Как говорил Гегель - все что действительно - разумно. Все что разумно - действительно...
Если аватар - действительный - он разумен. Если аватар разумен - он действительный...
но... если им управляет "искусственный интеллект"? что тогда?
разумен ли искусственный интеллект? конечно же он не дотягивает до человеческого интеллекта, тем более до божественного.

возможно ли "одухотворить" искусственный интеллект?
можно ли преобразовать "искусственный интеллект в человеческий, живой интеллект, божественный интеллект"?
ведь искусственный интеллект - это просто программа, написаная на языке программирования. не обязательно это язык программирования ЛИСП (написанный атеистом Маккарти)...
Даже иногда думаю, может быть программирование на языке ЛИСП (созданном атеистом) - это все равно что ... "программирование на языке АДа"?
Ведь была такая - одна из первых программистов - Лавлейс, Ада
И по ее имени назван *язык АДА* =-) ЯЗЫК АДА, язык Рая, язык духовного мира... интересно, но... как тогда на таком языке программировать?
ведь может быть у атеистов как раз и есть такая цель - чтобы мы программировали АД, а не рай?
если Дулуман не хочет попасть в рай - значит язык Рая ему не интересен.

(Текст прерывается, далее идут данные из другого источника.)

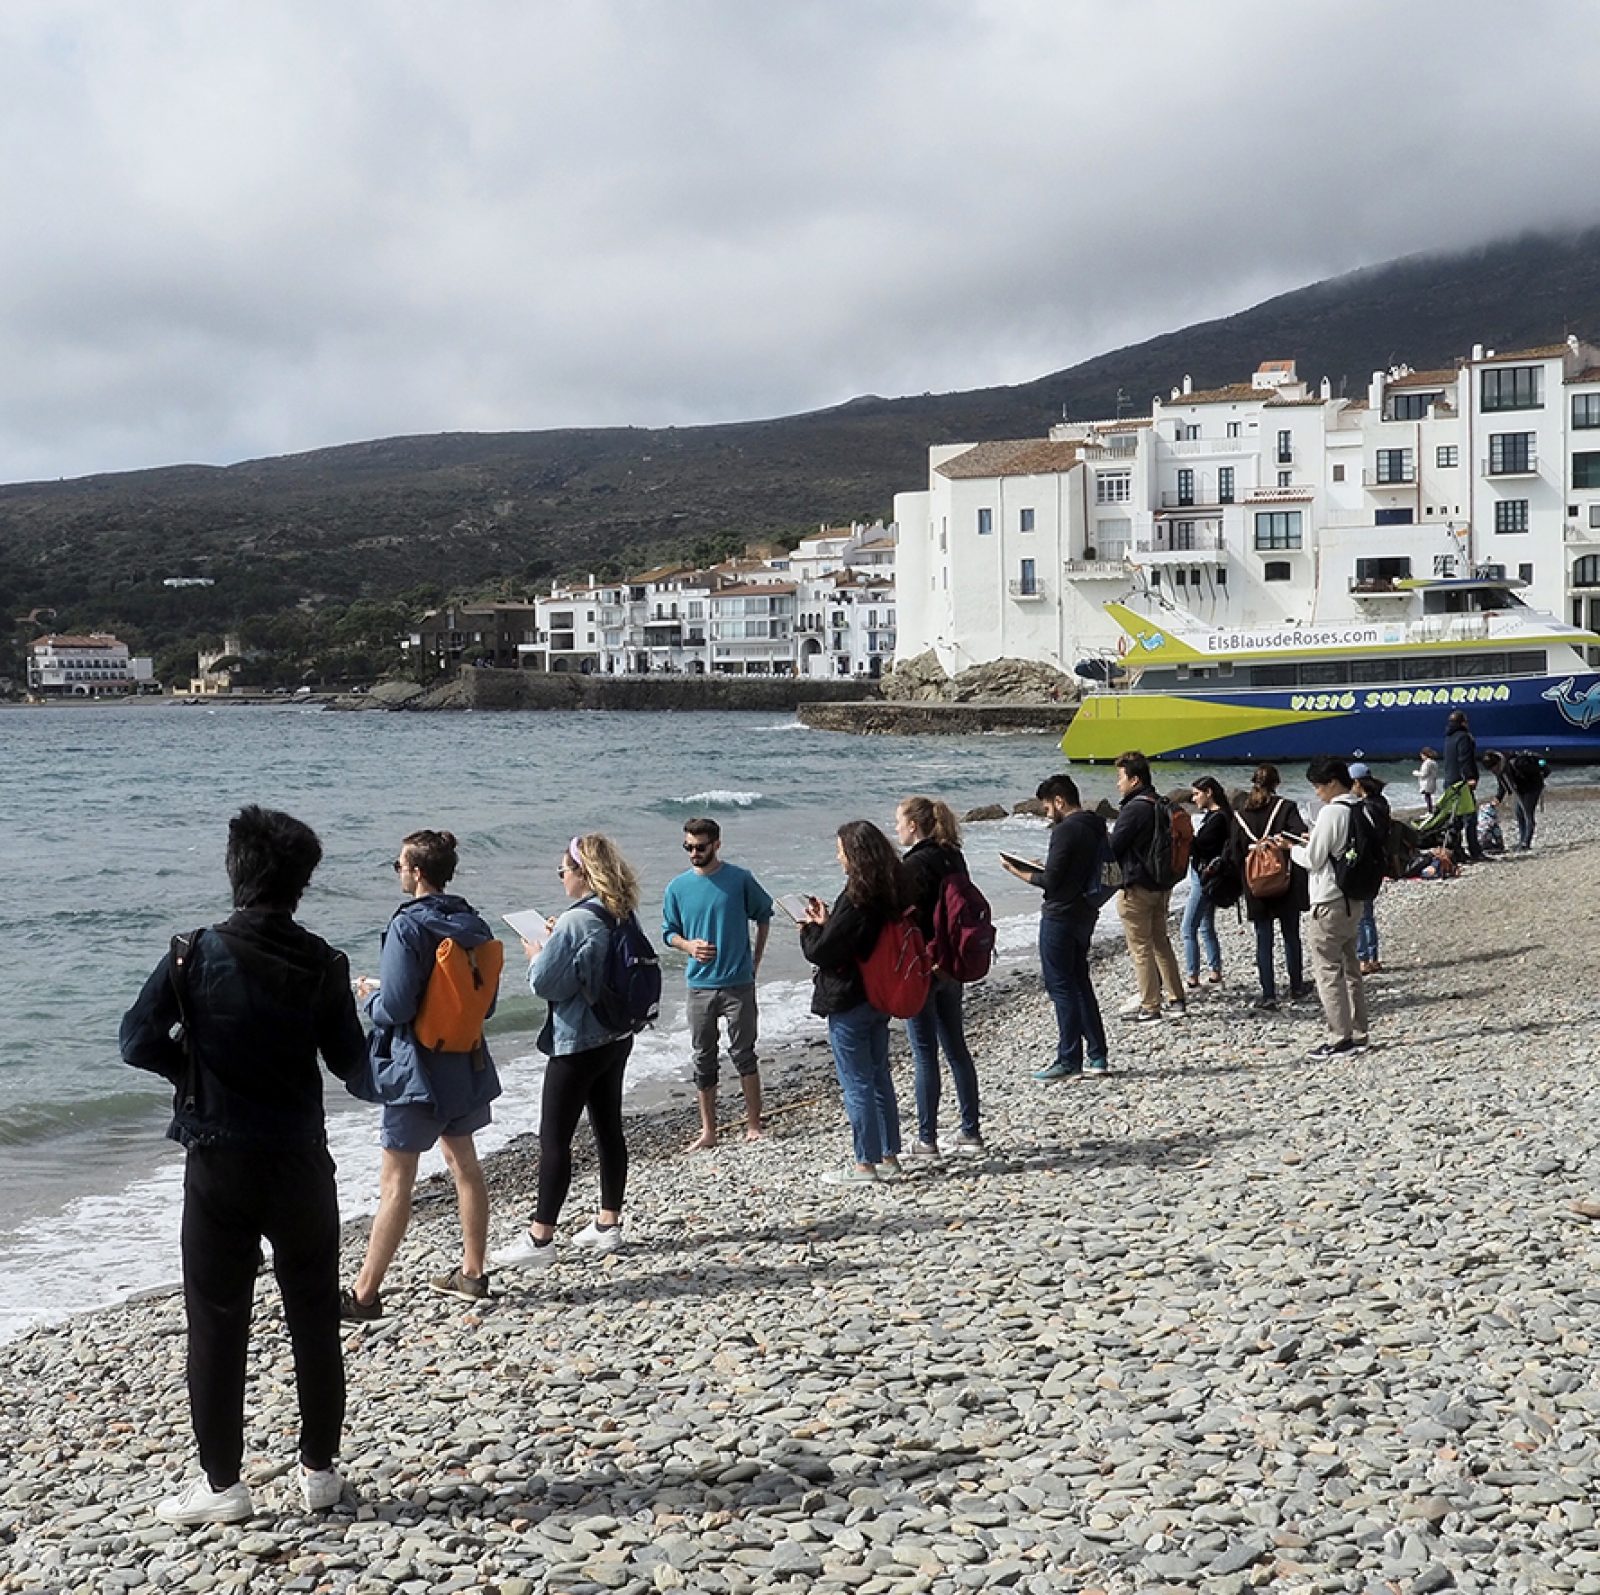 Students sketching outside in Cadaques

Ему интересен АД, и "язык АДА"...
а джону Маккарти интересен язык ЛИСП...
...
я вообще-то думал стать просто верующим философом... а так получается что ... или придется как философ писать книги на языке людей,
или писать компьютерные программы (искусственный интеллект для контроля над "аватарами"...) на "языках АДА"...
...

Вобщем я уже понимаю что я пишу здесь то что не нужно Далай Ламе...
Хотя может быть его как раз и контроллируют Китайцы - компартия Китая считает что "Далай Лама - это аватар"...
потому китайцы думают - "если Далай Лама - аватар, а аватар - это робот будущего - то его надо контроллировать на ... языке АДА"... (языке атеистов)...
я знаю, что в Китае запрещен Google, wikipedia, youtube, facebook, запрещено искать в интернете критику компартии Китая, 
запрещено искать в интернете слова - "Далай Лама, Дхарма, свободный Тибет" и т д...
видимо как раз так "искусственный интеллект Китайского Фаервола - программы которая не пускает в китайский интернет антикоммунизм" -
может именно это и есть "аватар контроллер", который мешает всем нам?

я читал на сайте - 
http://www.epochtimes.com.ua/ru/chin...ae-114374.html
*Падение режима в Украине вызывает искру надежды в Китае*
Велика Епоха 27.02.2014

Вы не думайте что мне нужно падение коммунизма или непадение коммунизма. мне все равно...
вконце концов... даже Бхактиведанта Свами Прабхупада - (я знаю что Далай Лама общался с Радханатхом Свами,
был в храме ИСККОН в Бангалоре, и там - *Далай Лама повесил гирлянду цветов на Прабхупаду* - шакти авеша аватару Господа Нитьянанды), -
Прабхупада когда лично был в Москве, СССР в 70-х годах, то он доказывал Котовскому, что 
Веды - это тоже "*духовный коммунизм*"... все принадлежит Богу, Кришне..
Просто должен в центре быть Кришна, а не Ленин/Мао...
Или чтобы было понятнее - в центре болжен быть АВАТАР...
да, это может быть аватар в компьютере - робот. Его можно контроллировать.
но атеисты даже не хотят "создать аватар", нарисовать Его...
Когда я сказал Дулуману - вот вы отрицаете Иисуса, а вот я был в Индии - и там люди очень верят в Кришну.
Кришна сказал - "оставь все другие религии - предайся Мне" - тогда вы, Дулуман - может быть тоже приймете Кришну?
А он сказал - "Кришны - нет"...
говорю Дулуману - "а Баларама есть? Чайтанья есть? Нитьянанда есть?"
Дулуман даже не пытался расспросить кто это - говорит - "нет, если это Бог - нет"
...
он очень странно думает. если Бог есть в сознании человека - он думает что все равно Бога нет...
они, атеисты думают, что если Бог есть в их Китайском сетевом экране - 
http://ru.wikipedia.org/wiki/Золотой щит
http://ru.wikipedia.org/wiki/Интернет-цензура в Китайской Народной Республике
http://en.wikipedia.org/wiki/Interne...ublic_of_China
http://en.wikipedia.org/wiki/List_of...ublic_of_China
http://en.wikipedia.org/wiki/List_of...words_in_China

они *думают*, *что* *добавляя Аватара в "черный список"*, *они таким образом контроллируют источник всех вселенных*,
*но это не так*!
Они думают что "нарисовать можно что угодно", и что Бог - это просто картинка, просто изображение в компьютере...
но это ведь не так!

они думают что их мозг - это китайский фаервол, но это не так!
они думают, что можно "выбросить" бога из сознания, но это не так! *нельзя Бога, Аватара исключать из сознания!*
нельзя запрещать доступ к Аватару, то есть Богу - как бы то ни было - посредством "сетевого экрана",
или посредством побития людей  наподобии Луценка (на тянь ань мен) или преследования фалуньгун...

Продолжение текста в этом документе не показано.